CENTRAL OREGON (KPTV) – While forest fires are burning in our state, special teams are using infrared technology to map the lines of fire from the sky to help crews fight the flames on the ground.
“To understand how the fire grew overnight, infrared interpretation and infrared flights are the best tools we have to do it,” said Erik Larsen, geographic information specialist for the Oregon Department of Forestry (ODF).
Larsen is part of the process of turning infrared data into a card for firefighters.

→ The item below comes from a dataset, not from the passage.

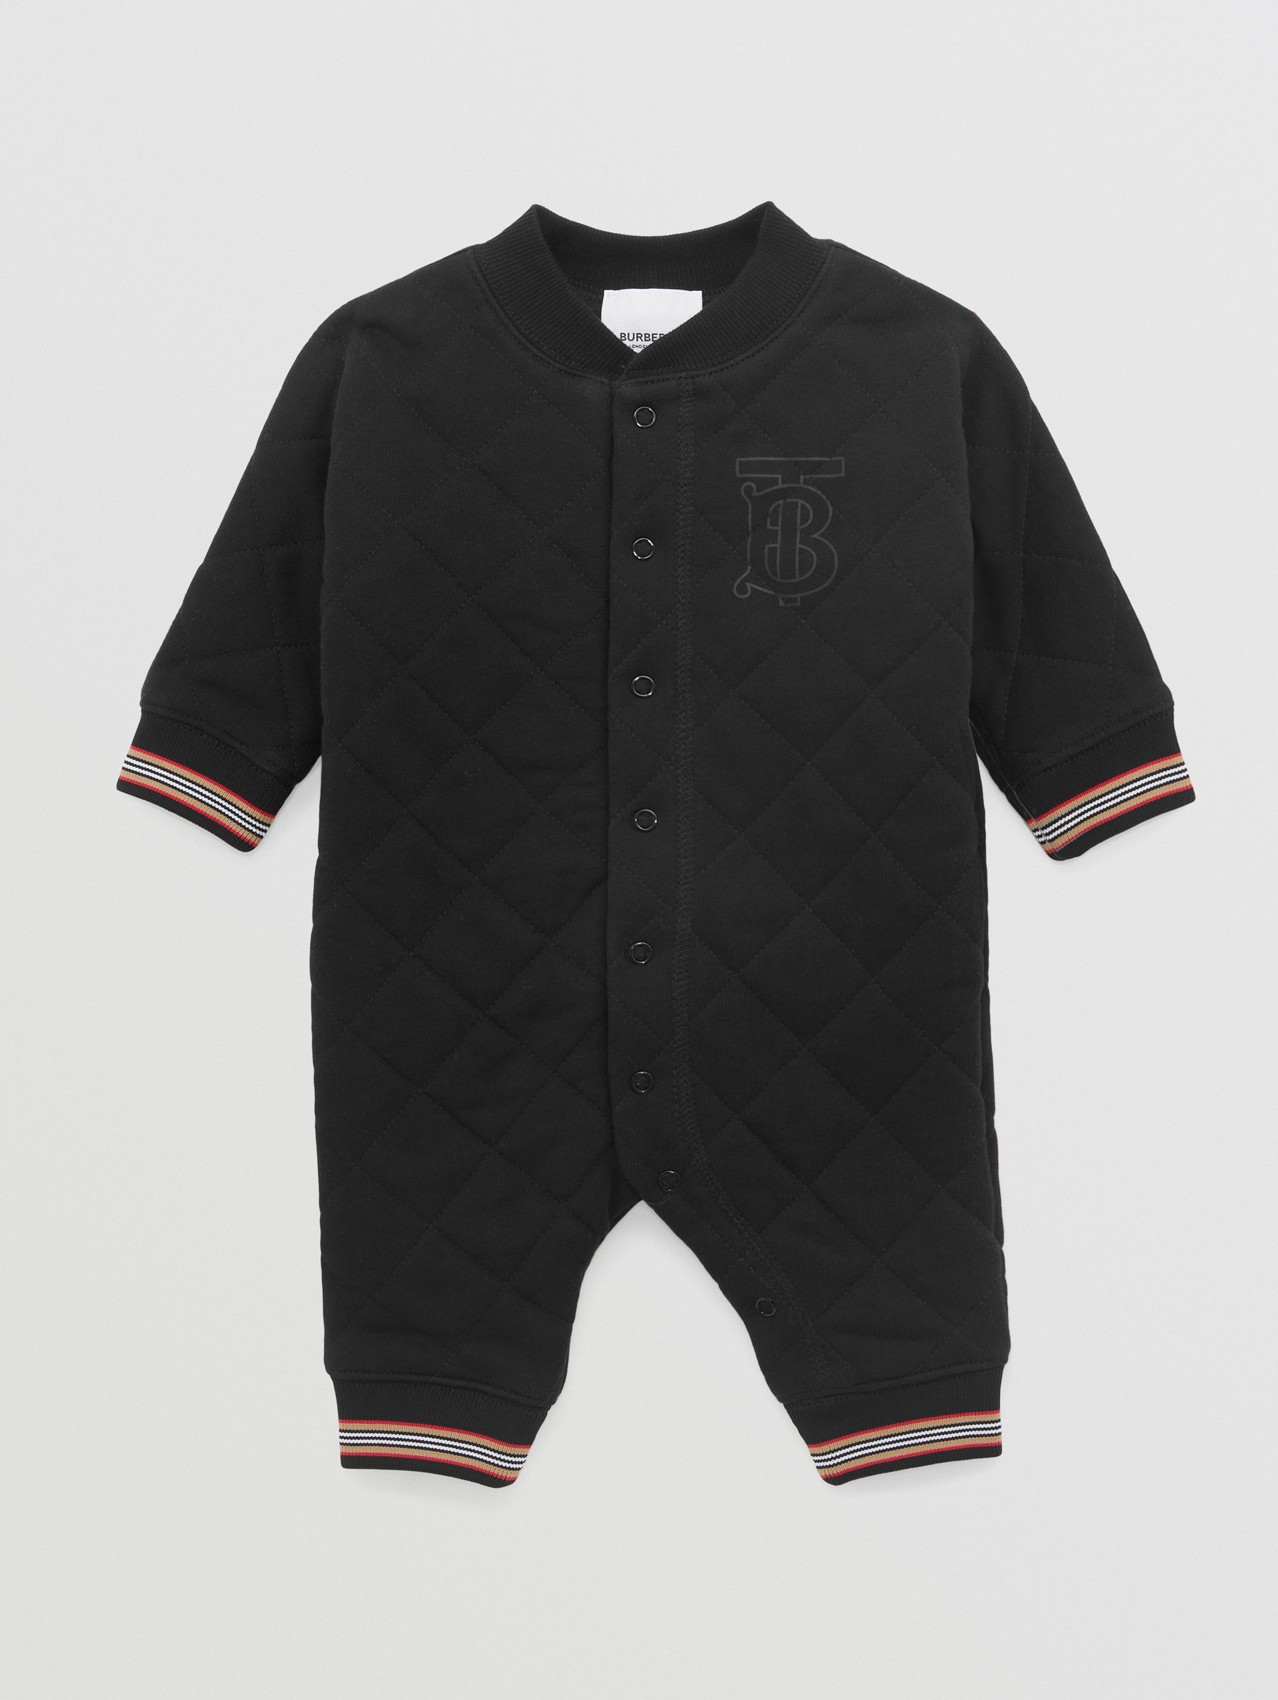 Baby Designer Clothing | Burberry Baby | Burberry® Official

“Heat emits radiation in the form of infrared light that we can’t see with our visual eyes, but we have sensors and cameras that can do this work for us. So it takes what we can’t see and translates it into something we can see, “said Larsen.” Infrared data goes beyond mere fire. It tells us where the isolated heat is in the fire, where the intense heat sources are and where the heat is more widely dispersed. “
Larsen says the bigger the fire, the more resources the crews will devote to harnessing infrared technology from the air.
Whether or not they use this technology depends on the complexity of the fire.
Larsen says they consider the size of the fire, proximity to communities, and the safety of the firefighters.
Once the request for a flight has expired, this is usually done in the evening so as not to disturb any planes that are burning during the day.
An infrared interpreter on the plane translates the image into data that Larsen can use to create maps.
“Preparing the stage with an accurate map of the situation on the ground will improve the effectiveness of the fire fighting the next day,” said Larsen.
Larsen says fire maps are made daily, even when planes aren’t flying the fire.
He says crews can use other tools to map the fire, such as drones.